The regional government, in other words PSOE and Més, has fought off the budgetary challenge of Podemos and will stick to its spending for tourism promotion in 2017 - all of 3.6 million euros. Podemos had wanted the bulk of this budget (three million) to be devoted to the innovation and research part of Biel Barceló's ministry. The government parties were having none of this. Toni Reus of Més, a former mayor of Santa Margalida, said that the spending was targeted at precisely the objectives that Podemos had accepted in drawing up the agreement for government with PSOE and Més - such as cultural and gastronomy tourism and tackling tourism seasonality. Damià Borràs of PSOE told Podemos that the promotion will assist in extending the tourism season and therefore workers' contracts.

While Més, some elements within it at any rate, may be characterised as being sympathetic to the tourist limits or tourist reduction camp, this was not what came across during the debate on the promotion budget. Laura Camargo of Podemos insisted that her party was the only one that was wishing to "put a brake" on the number of tourists. As for tackling seasonality, this will be like "pouring petrol on the fire", she argued. "We do not want more tourists in summer or in winter." She then went on to say that after eight months of work during the season, workers were exhausted. They shouldn't now have to be called on to work in the winter as well.

Of Camargo's remarks, one might observe that workers who have put in eight-month stints are the lucky ones, and while it is undeniable that many workers in the tourism industry work long hours, why should it be deemed acceptable that they should not work more than eight months? This is the conclusion one draws from what Camargo was saying, and it is a conclusion which reinforces the skewed basis of the Balearic economy: work for x number of months and put your feet up for y months of the year, hopefully with sufficient benefit to see you through. Does she not also appreciate that there are workers who disappear in winter and look for and find work where there is a winter season, e.g. the Canaries? Not all of them are exhausted.

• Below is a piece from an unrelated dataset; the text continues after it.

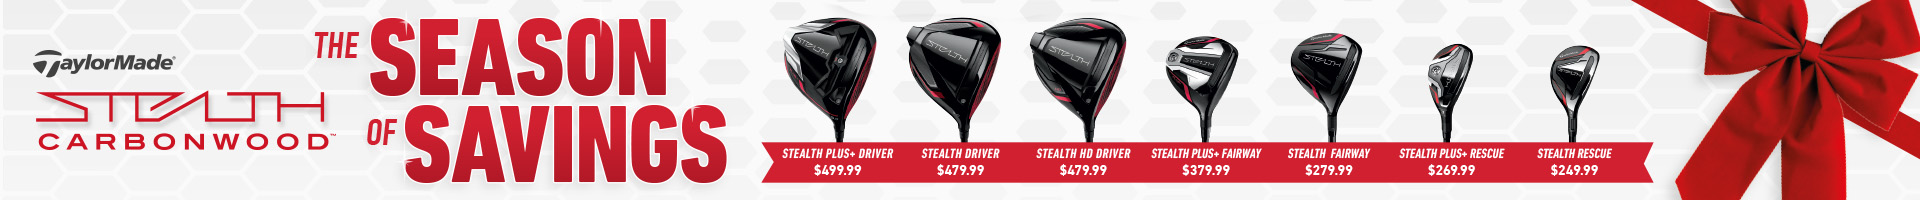 TaylorMade Stealth Price Drop Banner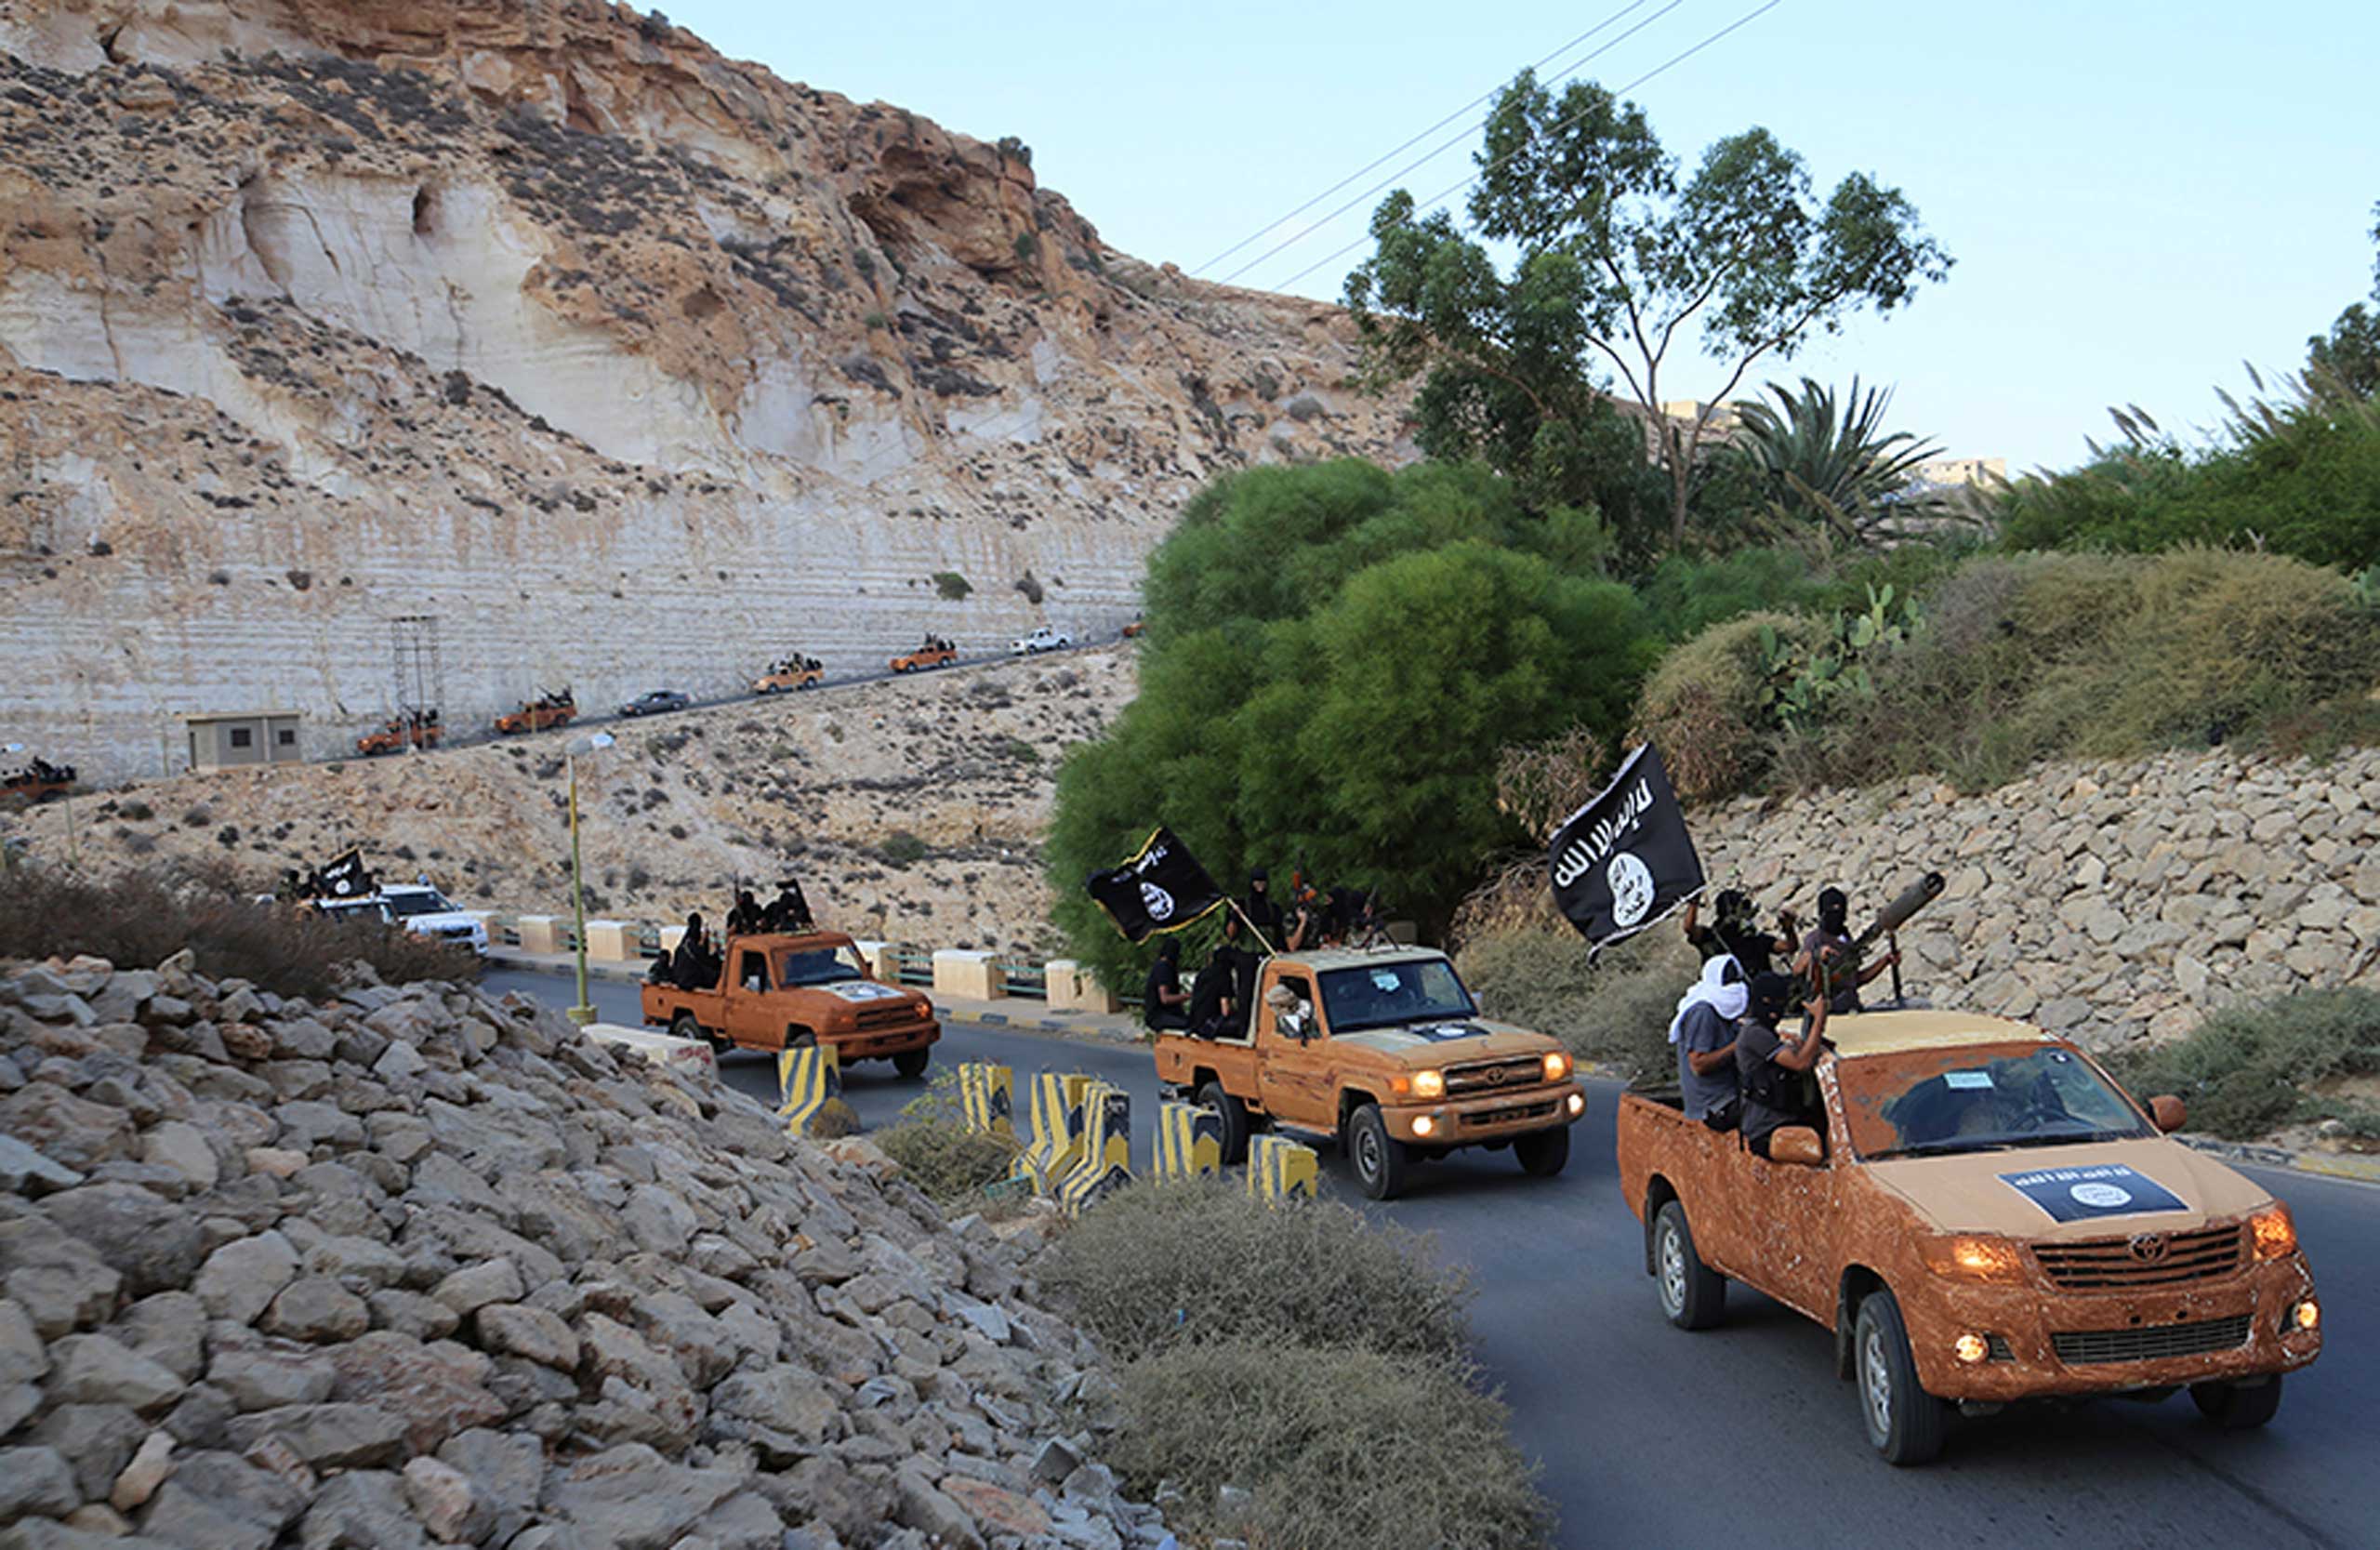 An armed motorcade belonging to members of Darna's Islamic Youth Council, which pledged allegiance to the Islamic State, drive along a road in Derna, eastern Libya, Oct. 3, 2014. (Reuters)

Podemos wanted the money to go towards innovation and research because the party believes that this will assist in creating the much-spoken-about changed economic model, one that is more diversified, less reliant on tourism and spreads wealth more evenly. But PSOE and Més want the same thing. Any political party with a modicum of common sense would want this. The difference with Podemos, or so it seems, is that this change can be brought about by diminishing the main sector of the islands' economic activity, which is plainly wrongheaded. The more that tourism is buoyant, the more it generates wealth and revenue for the government. Not all of this wealth is ploughed back or shared through decent salaries with the general workforce - that is a rightful beef - but much of it is and so can, with the right political and financial management, be targeted at diversification.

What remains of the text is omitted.